Luke Timothy Johnson
Sharing Possessions: What Faith Demands
(2nd ed.; Grand Rapids, MI: Eerdmans, 2011).
Available at Amazon.com
This book is by well-known Catholic scholar Luke Timothy Johnson (Emory Uni). It is the second edition of a volume that was designed to be an accessible version of his Ph.D thesis. Interestingly enough, it was written at a time when Johnson made a transition from being a benedictine monk with “community possessions” to being a husband and father with seven children (six inherited!). Johnson starts with the claim that Luke consistently speaks about possessions, but does not speak consistently about possessions. He attempts then, to discern the value of being and having, as well how one utilizes possessions in the context of faith. In a nutshell, Johnson thinks the most helpful model is alms-giving over a community of common possessions (but note that he nuances it a lot). For Johnson, a community of common possessions works best when practiced by a small and intentional community, but it does not work well at the level of a governmental economic theory. There are some cracking good quotes in the book too:
“However much televangelists and others trumpet the ‘scriptural’ character of their claim that faith brings with it material prosperity, their selectivity with regard to the Bible is far more severe than that practiced by Christians who have followed one of the classic options for sharing. They choose to follow a handful of Old Testament texts in the Deuteronomic tradition, and ignore completely the unanimous witness of the New Testament, which portrays discipleship not in terms of worldly success, but in terms of radical obedience and service – service that involves the sharing of possessions rather than the accumulation of them. There is simply no gospel character to the claims of the prosperity gospel, no element of genuine Christian discipleship” (p. 28).
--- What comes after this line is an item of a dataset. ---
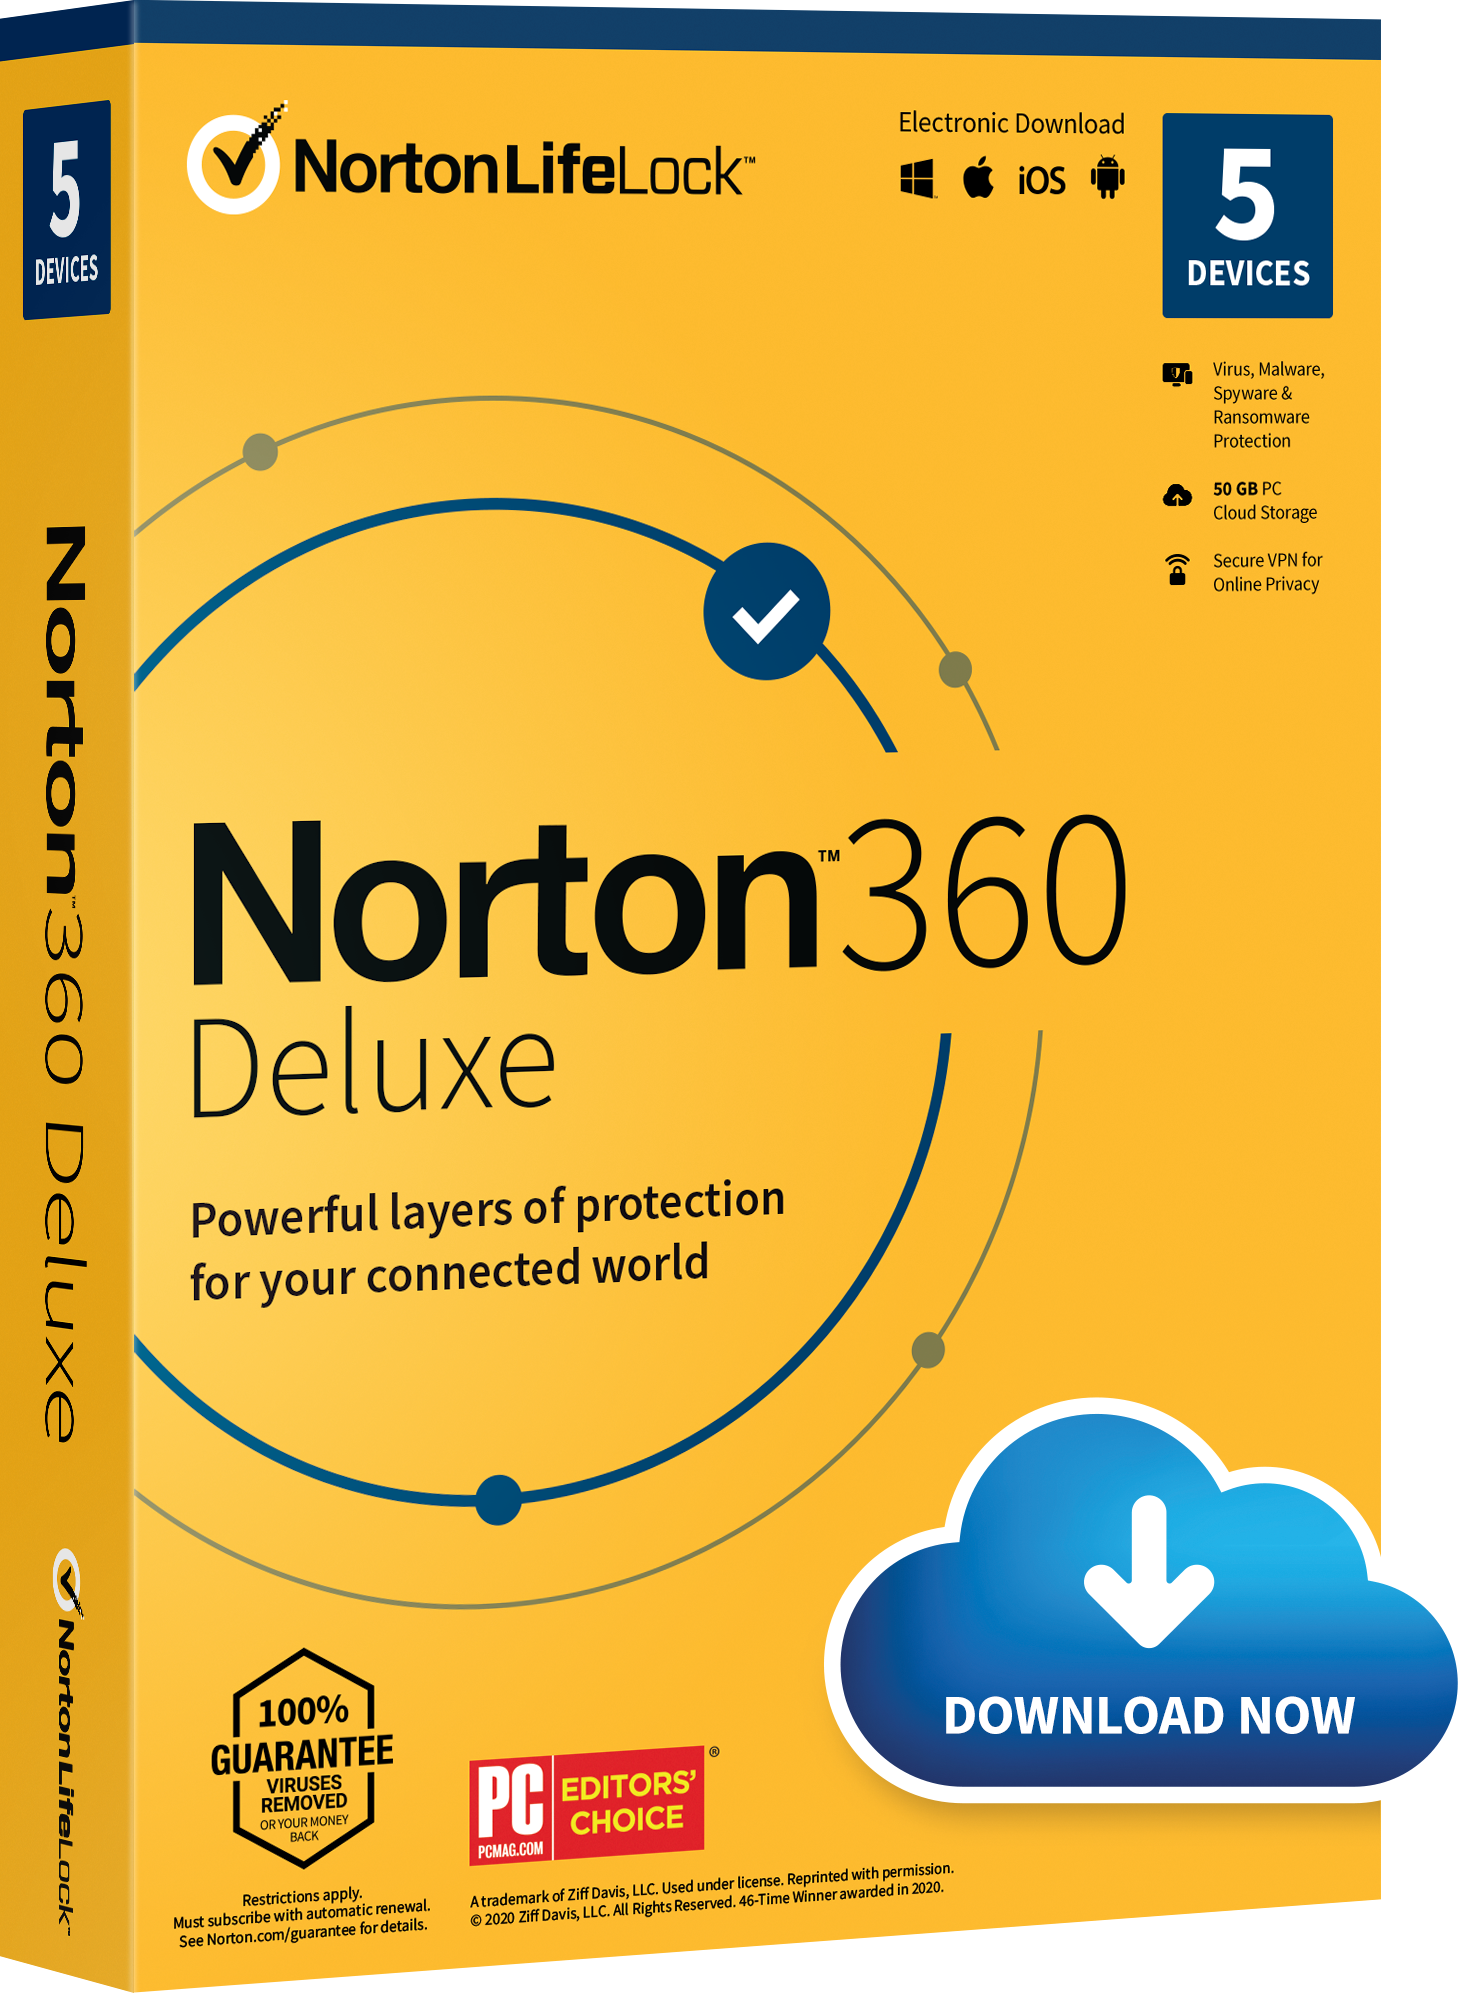 norton free vpn windows 7 download

“The mandate of faith in God is clear: we must, in some fashion, share that which has been given to us by God as a gift. To refuse to share what we have is to act idolatrously. Not only is that mandate clear, but also the symbolic function of possessions; because we are somatic creatures, the way we dispose of possessions signals and affects our response to God and other people in this world” (p. 99).
“[L]anguage about the use of possessions was intimately connected to language about covenantal loyalty and obedience. Faith in the one God is expressed on one side by refusal to cheat or steal or oppress, and on the other side, by a variety of modes of sharing with others. Even in those parts of the wisdom tradition that saw prosperity as a result of covenantal loyalty are unanimous on two other points: first that such prosperity be righteous, disconnected from theft and injustice, and second that wealth be shared generously with others” (p. 106).
Johnson regards the deficiency of the community of possessions are (125-26):
1. The scriptural basis for the ideal way of Christians sharing goods is slender, superficial, selective, and suspect;
2. As an attempt to grasp for a utopian vision of humanity, community of possessions is ideologically rather than theologically motivated;
3. As a means of fixing imbalances, community of possessions is both naive, and devalues the inalienable quality of “having” in somatic existence;
4. It values identity by means of possessions;
5. It fails to take account of the power of idolatry and sin since it invests too much confidence in a structural communism;
6. When the practice is structured by an ideology of friendship, it diminishes the significance of the individual and his call from God;
7. When the practice is structured by the ideology of obedience, it results in a form of “works-righteousness”;
8. In some formulations, the community of goods can foster an unhealthy form of social control;
9. A strict community of possessions tends towards spiritual solipsism, where the needs of the community and not those outside it are all that matters;
10. The model can foster immaturity, irresponsibility, and alienation, when the response to every matter is dictated by the will of a superior, it abdicates the spirit of discernment needed to confront each situation.
Overall, quite an interesting read in the Luke-Acts wealth, riches, poor, and possessions discussion.